# vintage rod



## Caleb 850 (Mar 23, 2016)

I bought a old rod today at a yardsale and some of the wrapping is coming off I'm guessing because of the age. Ive heard that people can rewrap them because I don't have a wrapping machine. If you could do this , or know someone who can do this please let me know, thanks. 

Here are some pics.


----------



## BananaTom (Feb 16, 2008)

More handle pics please.

It might pay off.


----------



## Caleb 850 (Mar 23, 2016)

Here' a few more pics


----------



## Caleb 850 (Mar 23, 2016)

anyone?


----------



## MrFish (Aug 21, 2009)

What are you looking for? New guides? Rewrap the old ones?

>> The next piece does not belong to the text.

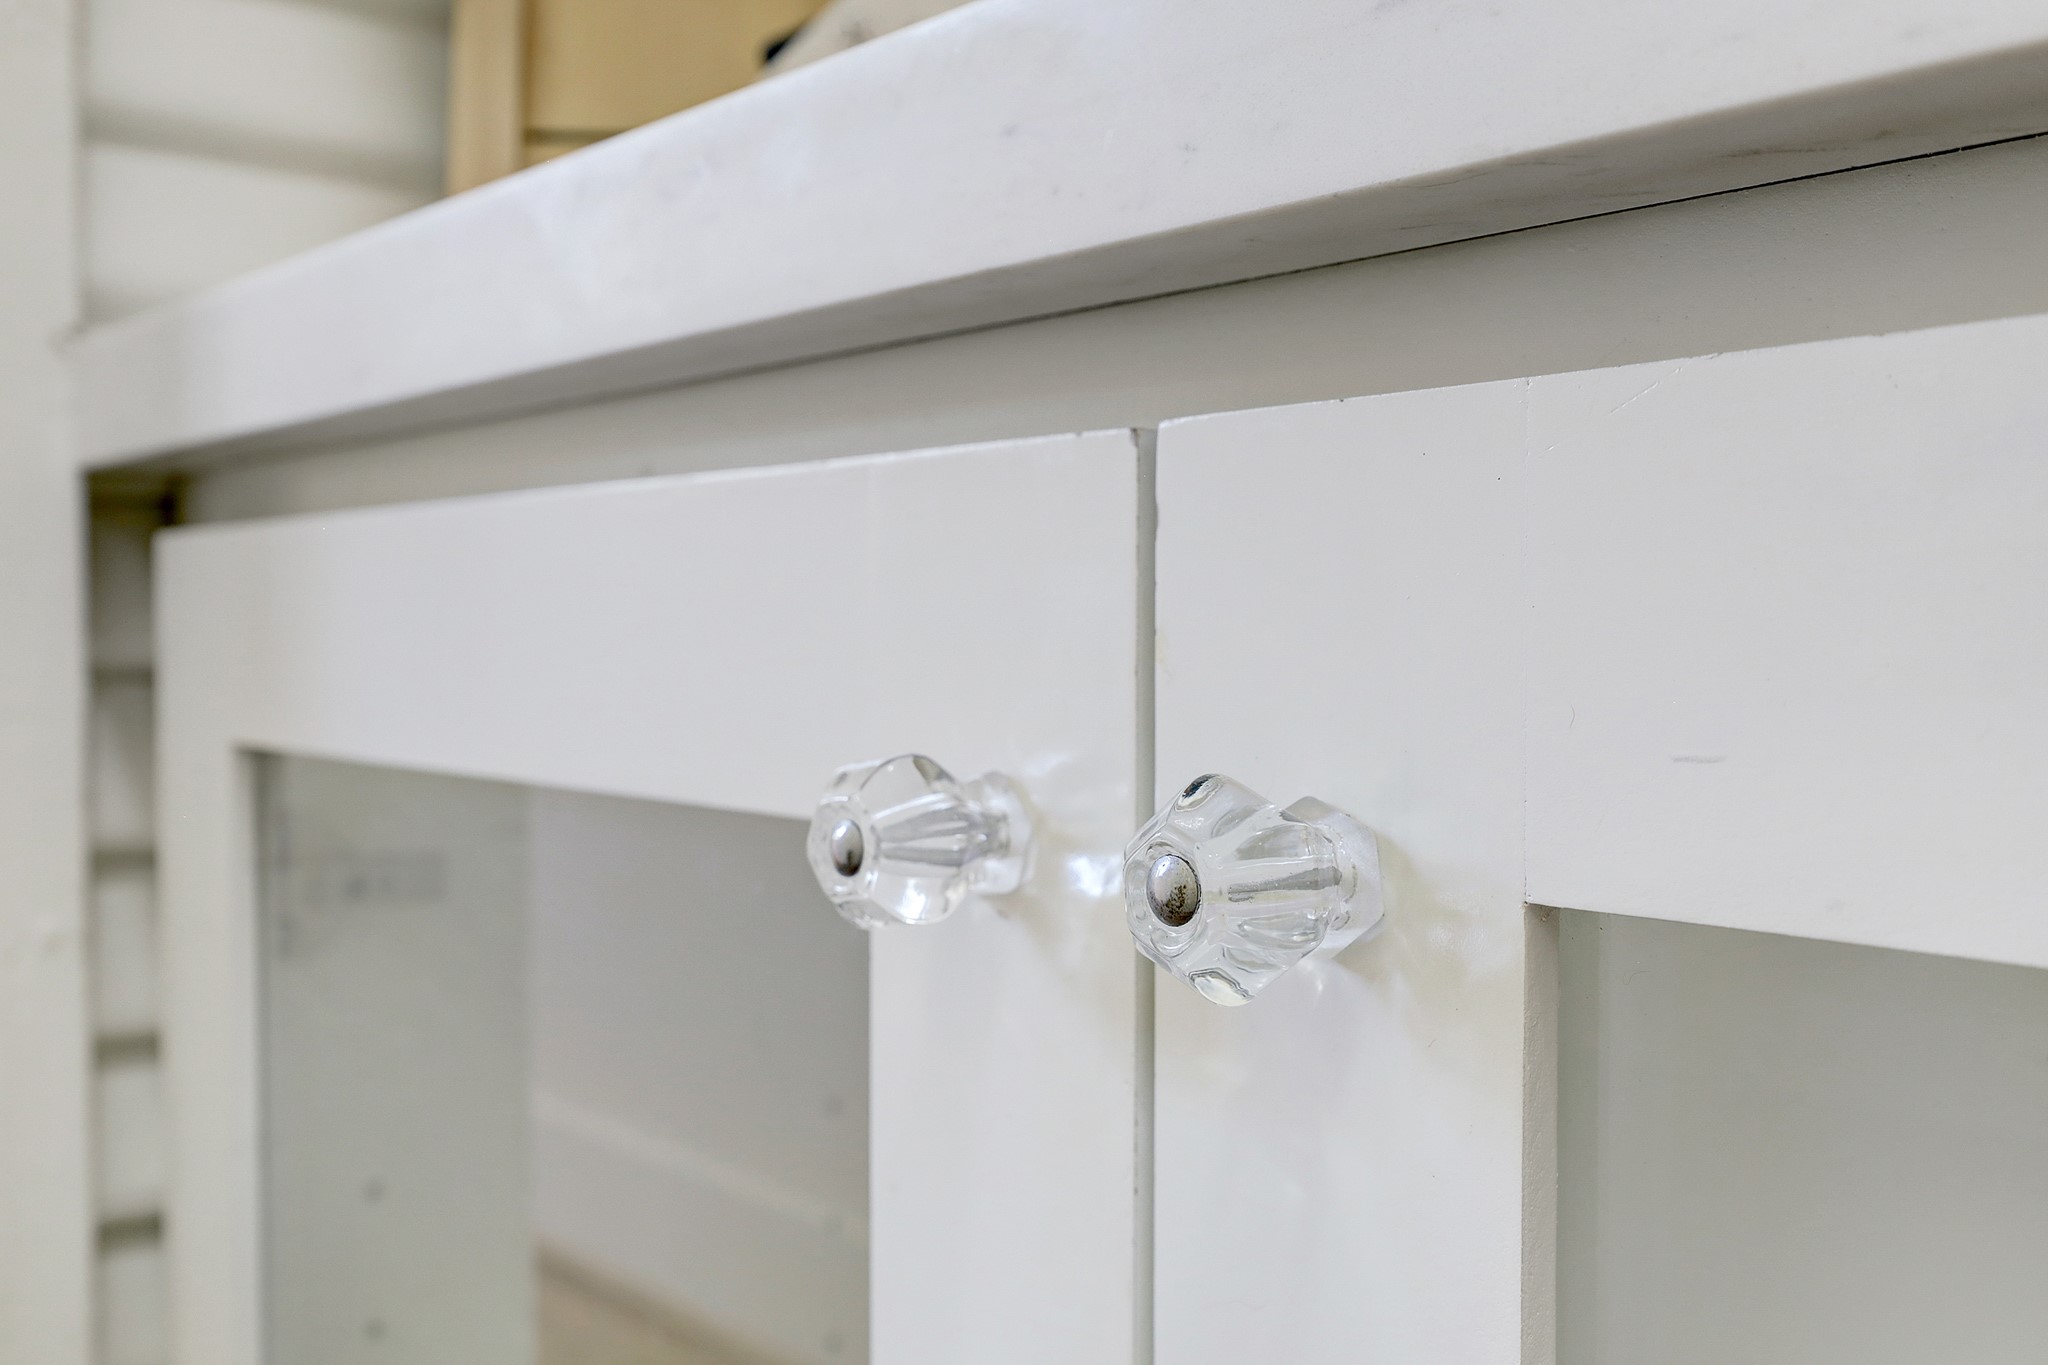 Drawer pulls and finishings selected to match period.

Are you going to use it or just want it restored?


----------



## Caleb 850 (Mar 23, 2016)

i would like to rewrap the old ones


----------



## MrFish (Aug 21, 2009)

Basic wrap or decorative?


----------



## Caleb 850 (Mar 23, 2016)

doesn't matter to me


----------



## Caleb 850 (Mar 23, 2016)

it all really depends on the price point


----------



## aqua-holic (Jan 23, 2010)

Where are you located - travel could be a large part of the cost in getting it done.


----------



## Caleb 850 (Mar 23, 2016)

pcola


----------



## Mullet Killer (Dec 25, 2012)

I'm in pcola give me a pm and I can get it done for you at a reasonable price.


----------